**Work to complete:** In the listing below, the lines starting at the line with "Шприц-ручка для инсулина Новопен 4" and ending at the line with "1967 Mustang Ford" are to be output verbatim. Images stay out of the copy.

**Entries provided:**
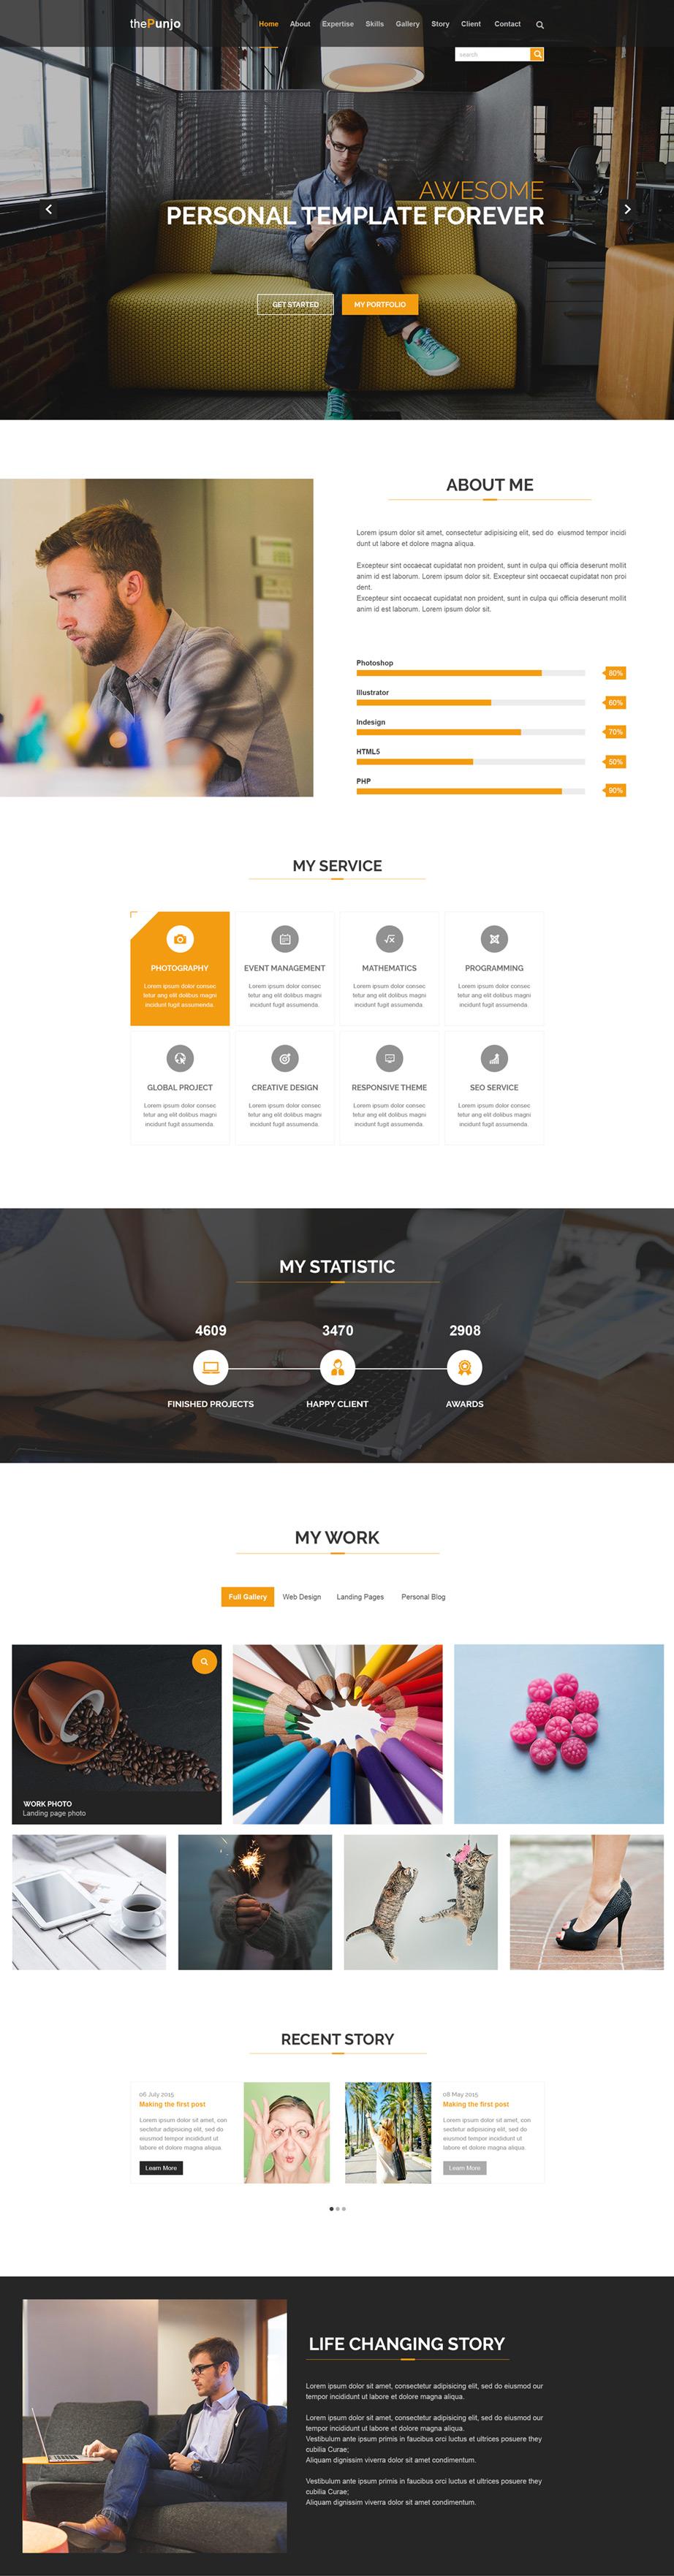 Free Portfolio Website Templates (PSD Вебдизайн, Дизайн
---
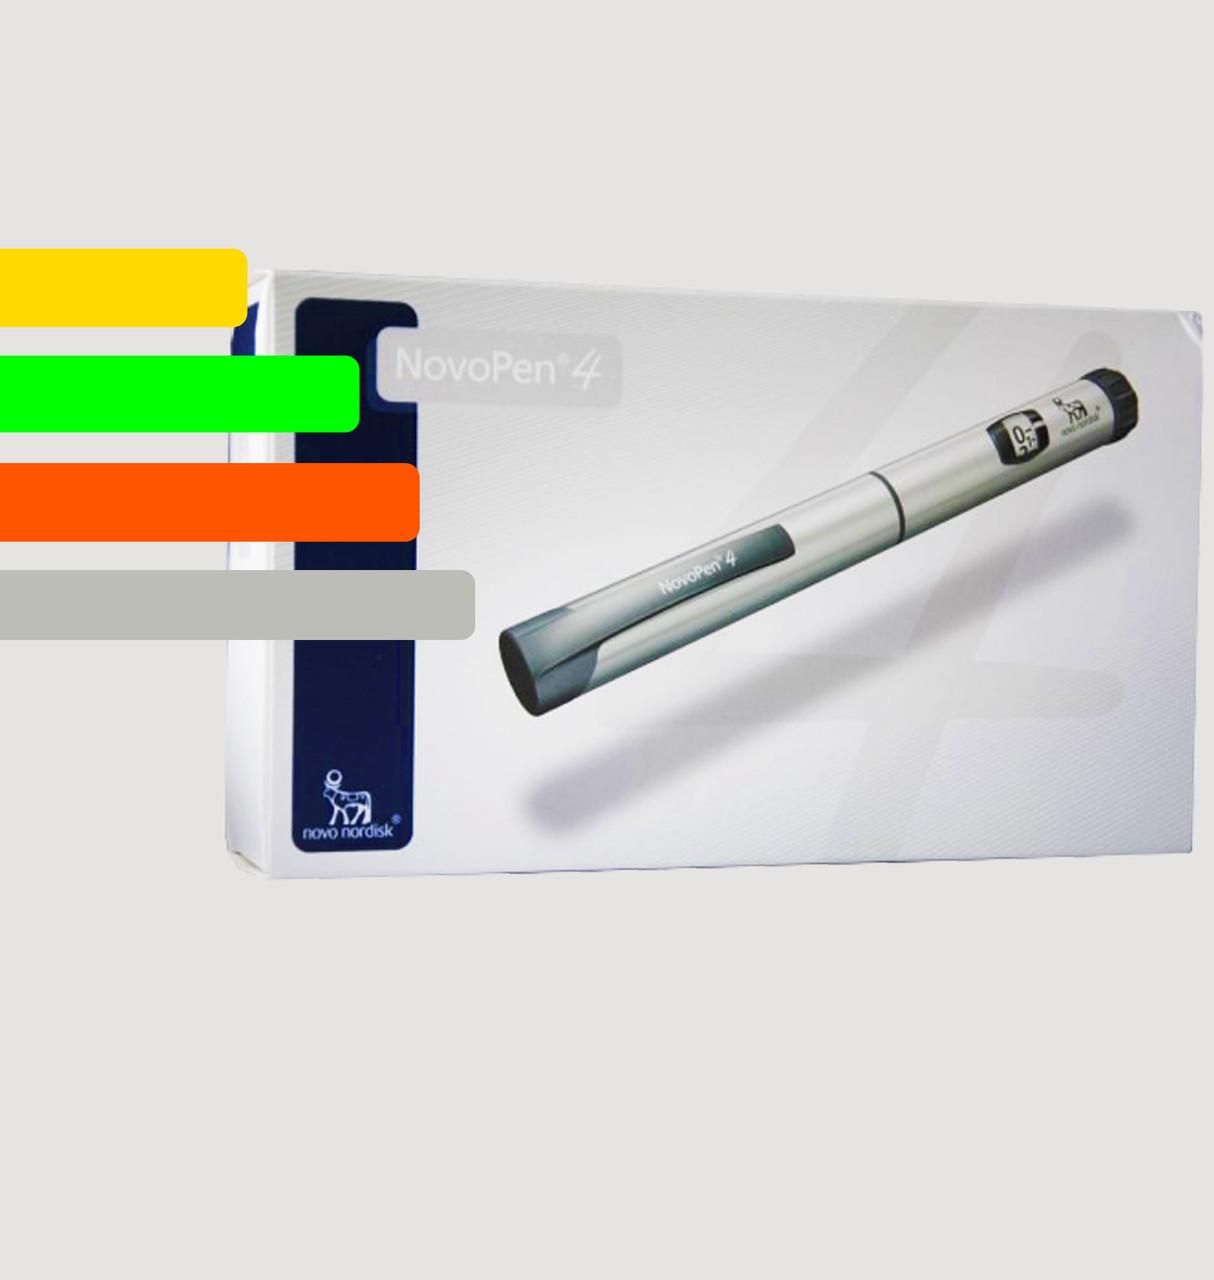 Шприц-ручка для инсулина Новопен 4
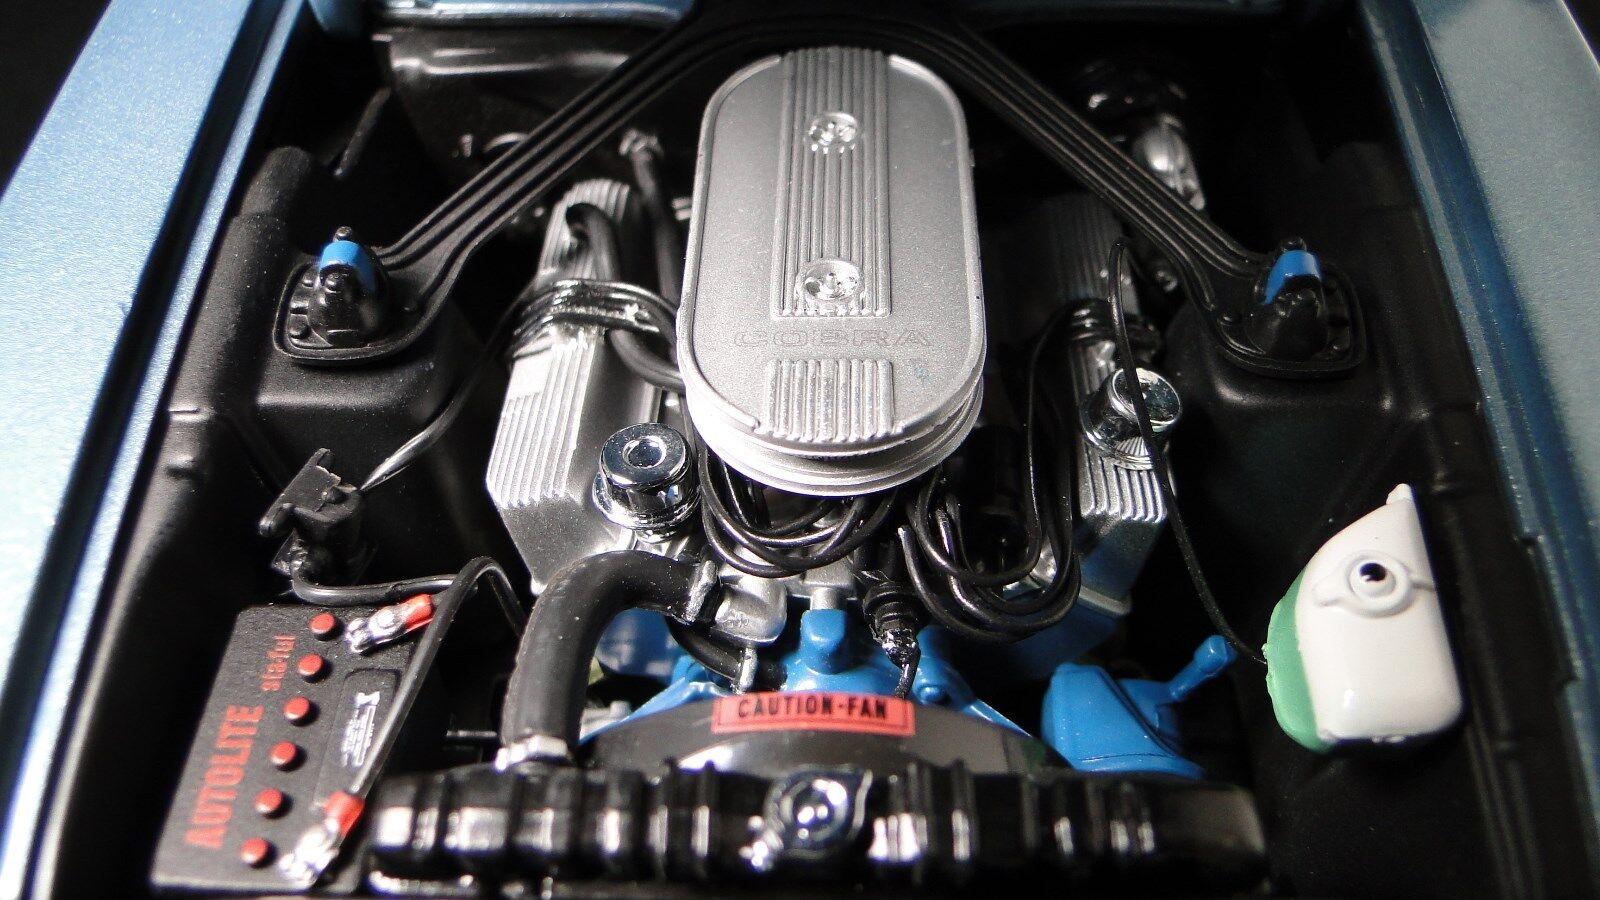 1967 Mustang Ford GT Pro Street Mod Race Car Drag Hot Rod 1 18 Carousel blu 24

**The answer:**
 Шприц-ручка для инсулина Новопен 4
 1967 Mustang Ford GT Pro Street Mod Race Car Drag Hot Rod 1 18 Carousel blu 24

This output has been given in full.